Antiderivative was successfully veriﬁed.

[In]

Integrate[(f + g*x)^3/(a + b*Log[c*(d + e*x)^n])^2,x]

[Out]

(-(b*d*e^3*E^((4*a)/(b*n))*f^3*n*(c*(d + e*x)^n)^(4/n)) - b*e^4*E^((4*a)/(b*n))*f^3*n*x*(c*(d + e*x)^n)^(4/n)

- 3*b*d*e^3*E^((4*a)/(b*n))*f^2*g*n*x*(c*(d + e*x)^n)^(4/n) - 3*b*e^4*E^((4*a)/(b*n))*f^2*g*n*x^2*(c*(d + e*x)

^n)^(4/n) - 3*b*d*e^3*E^((4*a)/(b*n))*f*g^2*n*x^2*(c*(d + e*x)^n)^(4/n) - 3*b*e^4*E^((4*a)/(b*n))*f*g^2*n*x^3*

(c*(d + e*x)^n)^(4/n) - b*d*e^3*E^((4*a)/(b*n))*g^3*n*x^3*(c*(d + e*x)^n)^(4/n) - b*e^4*E^((4*a)/(b*n))*g^3*n*

x^4*(c*(d + e*x)^n)^(4/n) + a*e^3*E^((3*a)/(b*n))*f^3*(d + e*x)*(c*(d + e*x)^n)^(3/n)*ExpIntegralEi[(a + b*Log

[c*(d + e*x)^n])/(b*n)] - 3*a*d*e^2*E^((3*a)/(b*n))*f^2*g*(d + e*x)*(c*(d + e*x)^n)^(3/n)*ExpIntegralEi[(a + b

*Log[c*(d + e*x)^n])/(b*n)] + 3*a*d^2*e*E^((3*a)/(b*n))*f*g^2*(d + e*x)*(c*(d + e*x)^n)^(3/n)*ExpIntegralEi[(a

+ b*Log[c*(d + e*x)^n])/(b*n)] - a*d^3*E^((3*a)/(b*n))*g^3*(d + e*x)*(c*(d + e*x)^n)^(3/n)*ExpIntegralEi[(a +

b*Log[c*(d + e*x)^n])/(b*n)] + 6*a*e^2*E^((2*a)/(b*n))*f^2*g*(d + e*x)^2*(c*(d + e*x)^n)^(2/n)*ExpIntegralEi[

(2*(a + b*Log[c*(d + e*x)^n]))/(b*n)] - 12*a*d*e*E^((2*a)/(b*n))*f*g^2*(d + e*x)^2*(c*(d + e*x)^n)^(2/n)*ExpIn

tegralEi[(2*(a + b*Log[c*(d + e*x)^n]))/(b*n)] + 6*a*d^2*E^((2*a)/(b*n))*g^3*(d + e*x)^2*(c*(d + e*x)^n)^(2/n)

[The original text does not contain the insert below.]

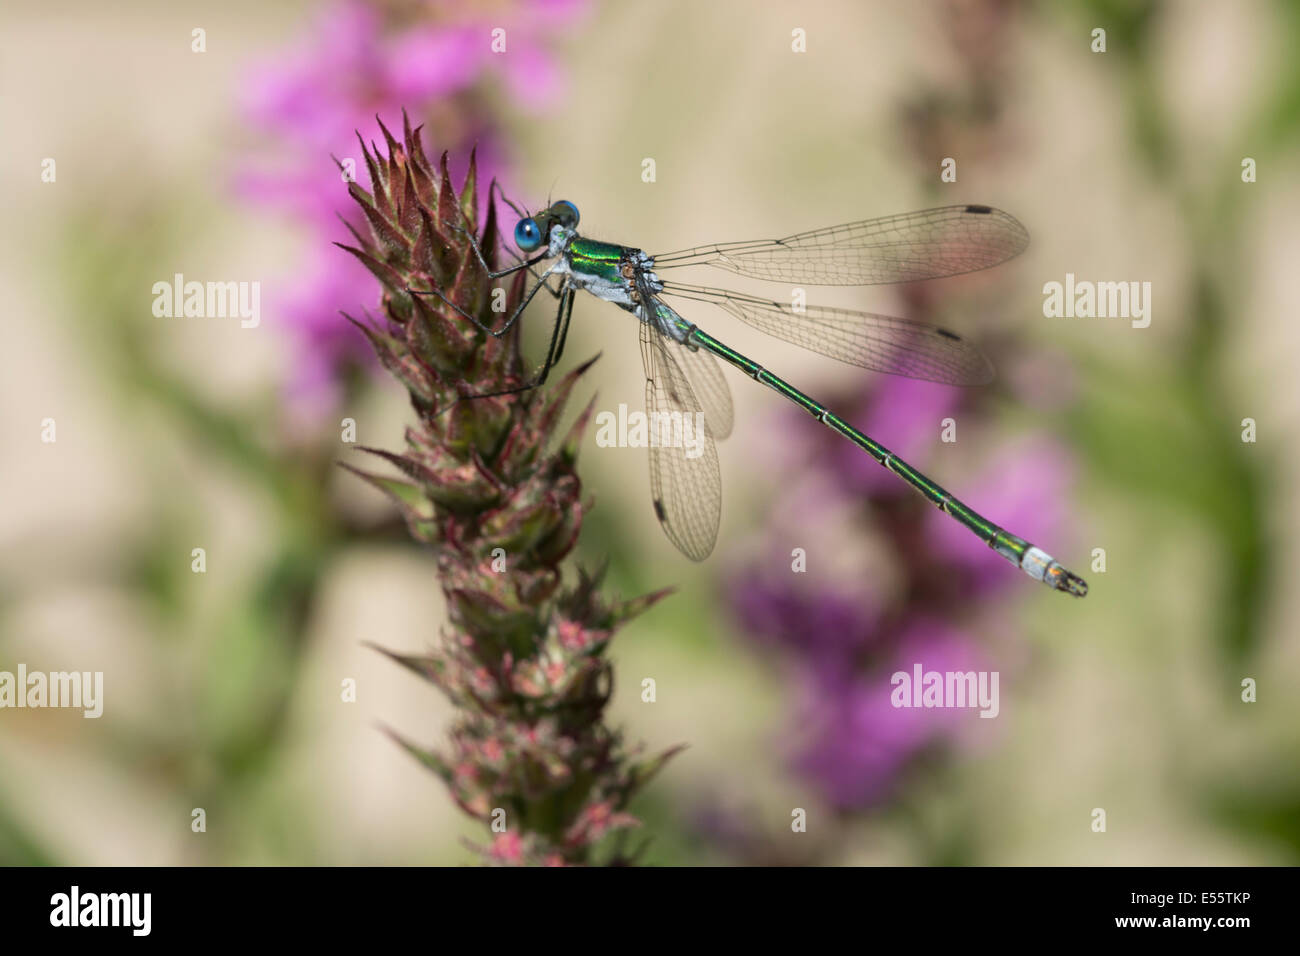 An Emerald Damselfly, Lestes Sponsa, resting on a flower stem at the RSPB Fairburn Ings Nature Reserve Stock Photo

*ExpIntegralEi[(2*(a + b*Log[c*(d + e*x)^n]))/(b*n)] + 9*a*e*E^(a/(b*n))*f*g^2*(d + e*x)^3*(c*(d + e*x)^n)^n^(

-1)*ExpIntegralEi[(3*(a + b*Log[c*(d + e*x)^n]))/(b*n)] - 9*a*d*E^(a/(b*n))*g^3*(d + e*x)^3*(c*(d + e*x)^n)^n^

(-1)*ExpIntegralEi[(3*(a + b*Log[c*(d + e*x)^n]))/(b*n)] + 4*a*g^3*(d + e*x)^4*ExpIntegralEi[(4*(a + b*Log[c*(

d + e*x)^n]))/(b*n)] + b*e^3*E^((3*a)/(b*n))*f^3*(d + e*x)*(c*(d + e*x)^n)^(3/n)*ExpIntegralEi[(a + b*Log[c*(d

+ e*x)^n])/(b*n)]*Log[c*(d + e*x)^n] - 3*b*d*e^2*E^((3*a)/(b*n))*f^2*g*(d + e*x)*(c*(d + e*x)^n)^(3/n)*ExpInt

egralEi[(a + b*Log[c*(d + e*x)^n])/(b*n)]*Log[c*(d + e*x)^n] + 3*b*d^2*e*E^((3*a)/(b*n))*f*g^2*(d + e*x)*(c*(d

+ e*x)^n)^(3/n)*ExpIntegralEi[(a + b*Log[c*(d + e*x)^n])/(b*n)]*Log[c*(d + e*x)^n] - b*d^3*E^((3*a)/(b*n))*g^

3*(d + e*x)*(c*(d + e*x)^n)^(3/n)*ExpIntegralEi[(a + b*Log[c*(d + e*x)^n])/(b*n)]*Log[c*(d + e*x)^n] + 6*b*e^2

*E^((2*a)/(b*n))*f^2*g*(d + e*x)^2*(c*(d + e*x)^n)^(2/n)*ExpIntegralEi[(2*(a + b*Log[c*(d + e*x)^n]))/(b*n)]*L

og[c*(d + e*x)^n] - 12*b*d*e*E^((2*a)/(b*n))*f*g^2*(d + e*x)^2*(c*(d + e*x)^n)^(2/n)*ExpIntegralEi[(2*(a + b*L

og[c*(d + e*x)^n]))/(b*n)]*Log[c*(d + e*x)^n] + 6*b*d^2*E^((2*a)/(b*n))*g^3*(d + e*x)^2*(c*(d + e*x)^n)^(2/n)*

ExpIntegralEi[(2*(a + b*Log[c*(d + e*x)^n]))/(b*n)]*Log[c*(d + e*x)^n] + 9*b*e*E^(a/(b*n))*f*g^2*(d + e*x)^3*(

c*(d + e*x)^n)^n^(-1)*ExpIntegralEi[(3*(a + b*Log[c*(d + e*x)^n]))/(b*n)]*Log[c*(d + e*x)^n] - 9*b*d*E^(a/(b*n

))*g^3*(d + e*x)^3*(c*(d + e*x)^n)^n^(-1)*ExpIntegralEi[(3*(a + b*Log[c*(d + e*x)^n]))/(b*n)]*Log[c*(d + e*x)^

n] + 4*b*g^3*(d + e*x)^4*ExpIntegralEi[(4*(a + b*Log[c*(d + e*x)^n]))/(b*n)]*Log[c*(d + e*x)^n])/(b^2*e^4*E^((

4*a)/(b*n))*n^2*(c*(d + e*x)^n)^(4/n)*(a + b*Log[c*(d + e*x)^n]))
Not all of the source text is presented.